Les méthodes diagnostiques du cancer de prostate sont en constante évolution. Afin d’améliorer la détection de ce cancer, les urologues attendent beaucoup de l’apport de l’imagerie par résonance magnétique (IRM). Quelle est la place de cette imagerie dans la détection du cancer de prostate ? Il s’agit d’une étude rétrospective, de 2011 à 2013, monocentrique et mono-opérateur. Sur les 464 ponctions biopsies de prostate (PBP), nous avons exclu celles dont le PSA>20ng/mL ou le toucher rectal>T3. Les 430 PBP restantes ont été soumises ou non à une IRM 1,5 tesla avec une antenne pelvienne. Le critère de jugement principal est la détection globale du cancer de prostate. Les critères de jugement secondaires sont le taux de détection lors des premières séries de biopsies et des biopsies itératives, entre les deux groupes ou dans le groupe IRM. Les populations IRM et sans IRM sont comparables pour l’âge (63,3 vs 64,6), le PSA (6,10 vs 6,13), le toucher rectal>T1c, le volume prostatique (55,4 cm3 vs 51,7 cm3). Il n’y a pas de différence significative de détection globale entre les deux groupes (p =0,12). Il n’y a pas de différence significative de détection de cancer entre les premières PBP (p =0,13) et les PBP itératives (p =0,07). Il existe une différence significative de détection lors des premières PBP du groupe IRM (p =0,03) mais pas pour les PBP itératives du groupe IRM (p =0,07). Pour les 108 PBP itératives du groupe IRM, il y a eu 67 PBP ciblées « mentalement » grâce à l’IRM : 18 cancers ont pu être détectés, ce qui fait un taux de détection de 25 %. Cette étude permet de mettre en valeur l’intérêt de l’IRM lors des premières séries de PBP mais nous pouvons nous demander l’intérêt de cette imagerie lors des biopsies itératives. Les biopsies ciblées « mentalement » itératives n’ont pas la sensibilité de détection espérée et semblent nécessiter une reconstruction en trois dimensions pour être plus efficace.

Niveau de preuve

5.




 




Introduction


Les ponctions biopsies de prostate (PBP) ont pour but d'extraire des échantillons de tissu prostatique pour les analyser et détecter le cancer de prostate (CaP). Cet examen n'est pas sans risque de morbi-mortalité [1], c'est pour cela que les biopsies doivent avoir le meilleur rendement possible.

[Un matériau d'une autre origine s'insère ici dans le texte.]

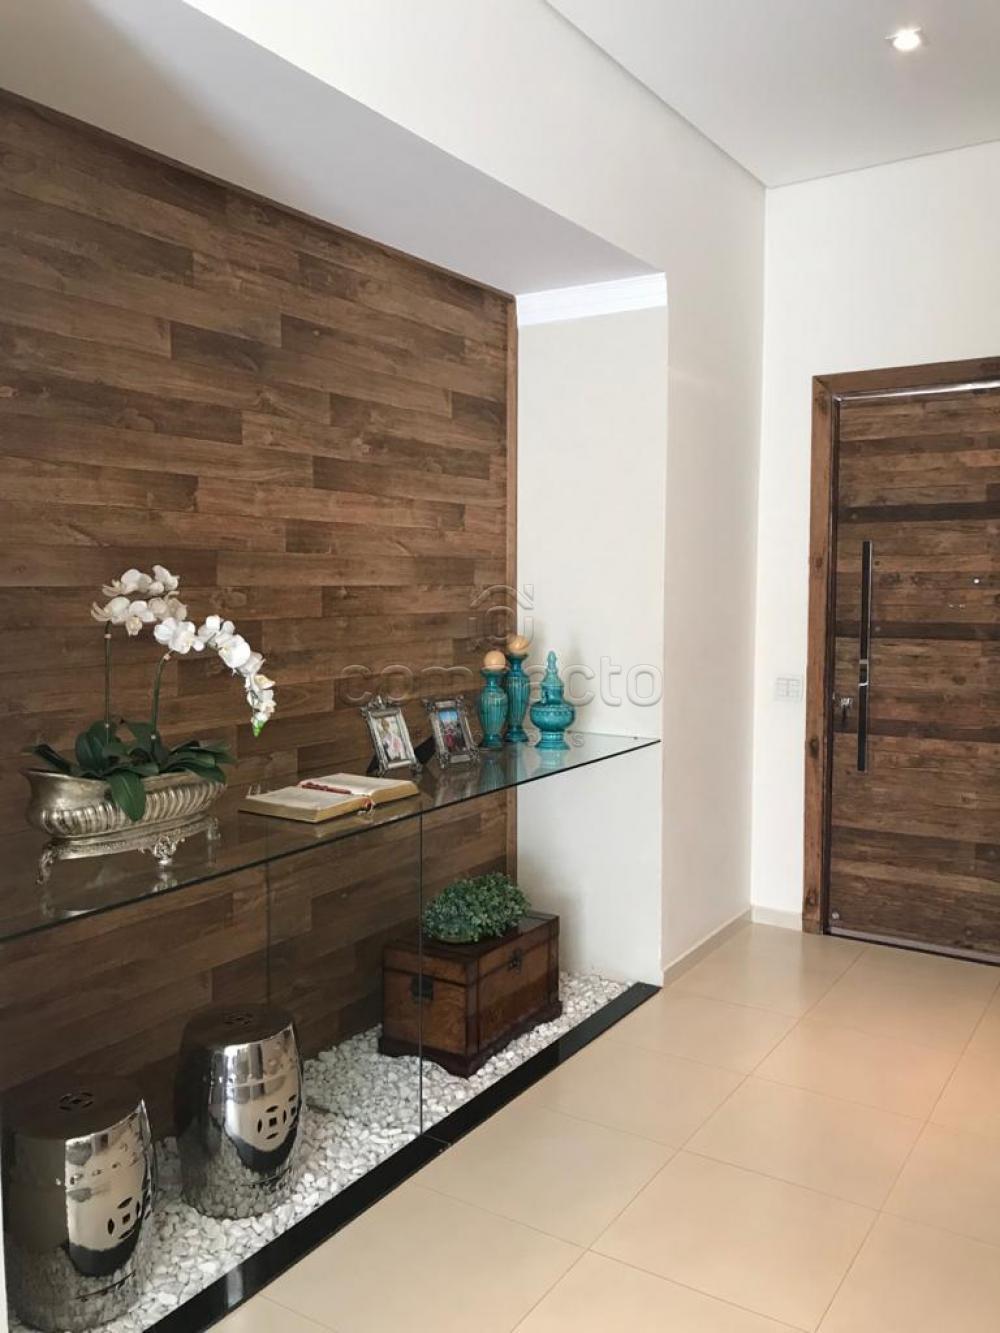 Comprar Casa / Condomínio em Mirassol apenas R$ 600.000,00 - Foto 2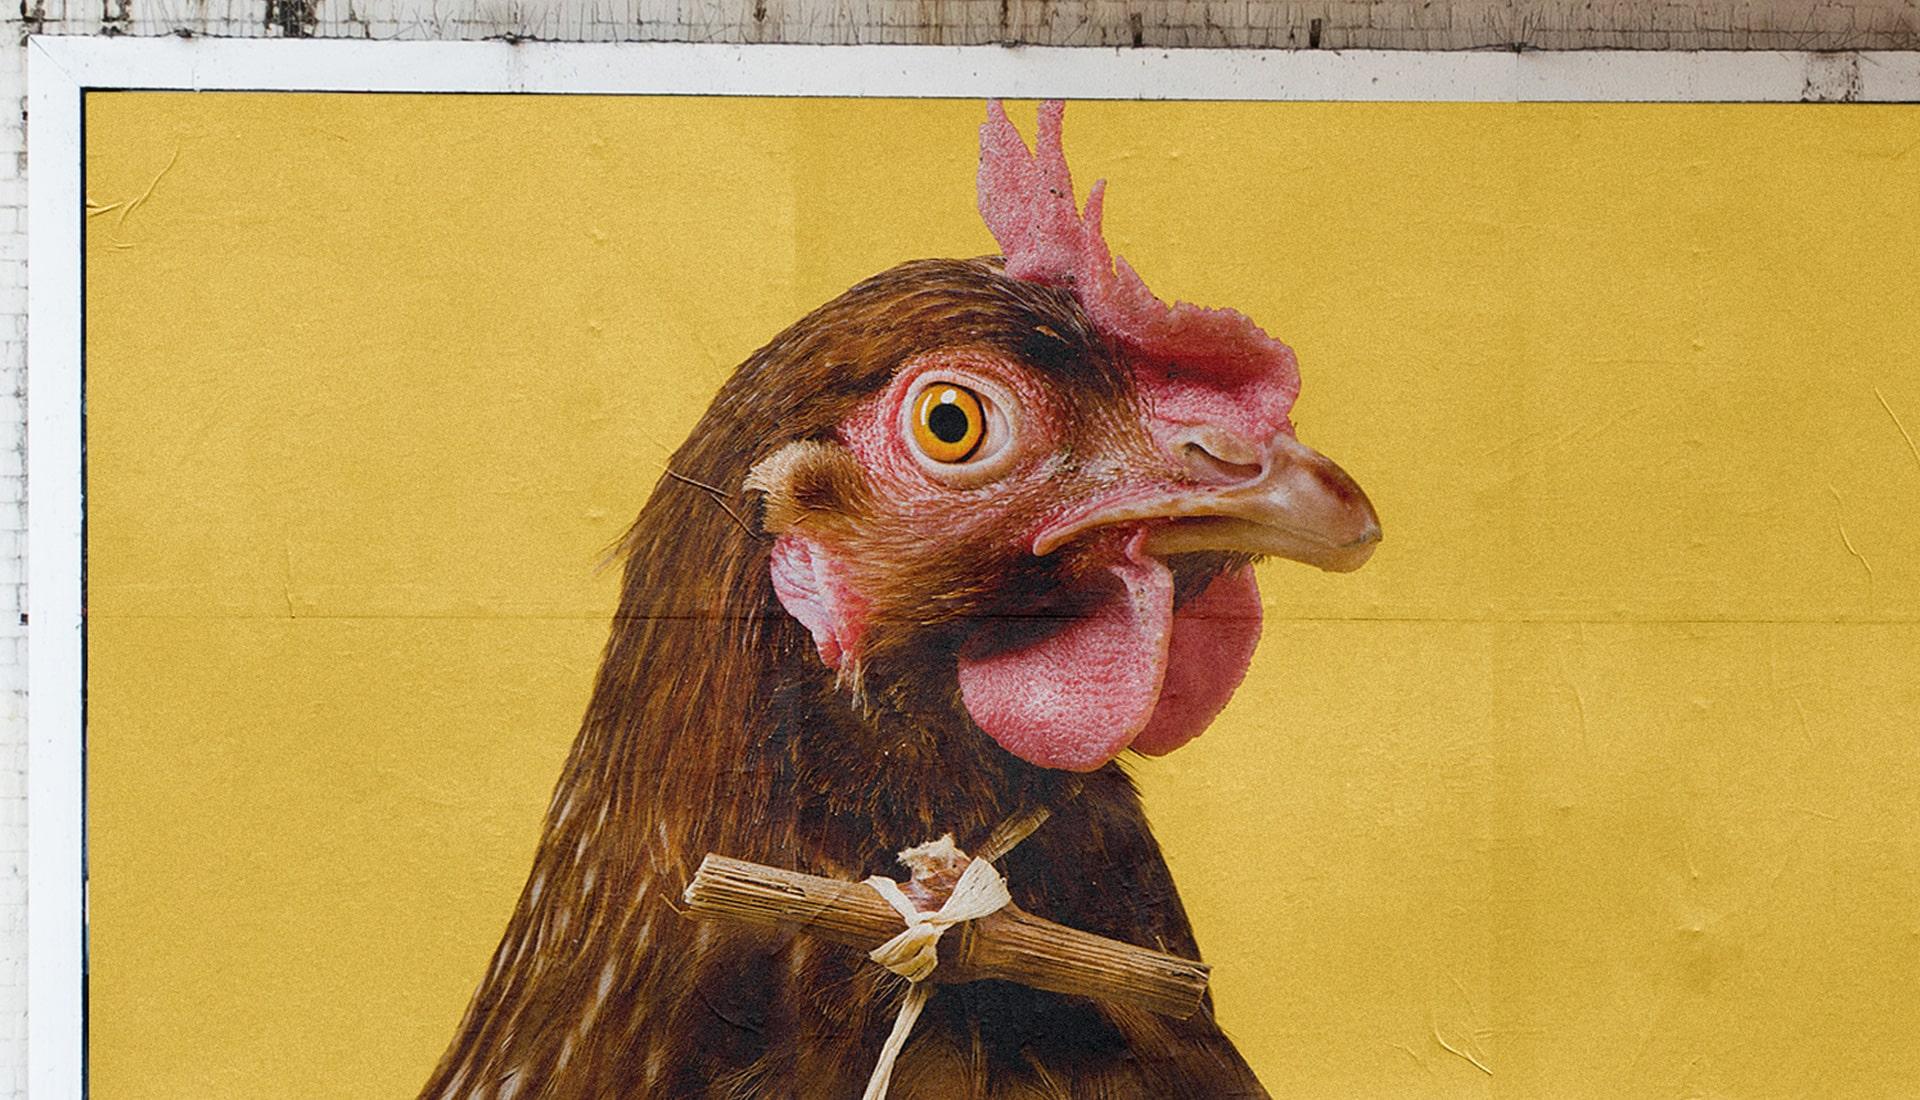 dettaglio-gallina-zaccagnini

Le toucher rectal (TR) associé au dosage biologique du PSAt peut aider quant au choix de réaliser les PBP mais le PSAt n'est pas assez spécifique et entraîne trop de faux positifs (entre 24 et 37 % de biopsies positives pour un PSAt compris entre 4 et 10ng/mL) [2]. L'imagerie par résonance magnétique (IRM) est un examen sur lequel les urologues espèrent beaucoup, afin d'affiner les indications de réalisations de PBP. Les dernières recommandations françaises d'utilisation de l'IRM dans le diagnostic du CaP sont : après une série de PBP négative, pour une planification thérapeutique ou avant la première série de PBP (en évaluation) [3].


Le but de l'IRM de prostate serait de sélectionner les biopsies afin d'avoir que les cancers significatifs [4]. En effet, il existe un sur-diagnostic du CaP pouvant provoquer une morbidité significative chez des patients dont le cancer n'aurait jamais été significatif [5].


Matériel et méthodes


Étude


Notre étude s'étendait de janvier 2011 à décembre 2013. Toutes les PBP étaient effectuées par un seul opérateur. Les critères d'inclusions de l'étude étaient : PBP réalisées durant la période de janvier 2011 à décembre 2013 pour une suspicion de CaP. Les critères d'exclusion étaient : PSAt>20ng/mL et un TR supérieur ou égal à T3.


Les patients étaient soumis ou non à une IRM. Elle était prescrite selon les indications suivantes : effectuer un bilan d'extension, repérer des cibles afin d'affiner les biopsies ou juger de l'importance du volume tumoral. L'IRM était réalisée avant les PBP.


Le critère de jugement principal de notre étude était de comparer le taux de détection global du CaP entre le groupe IRM et le groupe sans IRM. L'analyse en sous-groupe permettait de comparer le taux de détection du groupe biopsies ciblées « mentalement » et le groupe sans IRM ainsi que l'évaluation du taux de détection du CaP entre les premières biopsies et les biopsies itératives. Les critères de jugements secondaires étaient l'analyse des performances de l'IRM, du PSAt et du TR dans le groupe IRM.


Biopsie de prostate


Toutes les PBP étaient réalisées selon le protocole du service qui suit les recommandations de bonnes pratiques de l'AFU. Les PBP étaient écho-guidées, après une anesthésie locale à la Xylocaïne®. Une antibioprophylaxie à base de Fluoroquinolone était donnée le matin des biopsies. Un lavement rectal était réalisé la veille.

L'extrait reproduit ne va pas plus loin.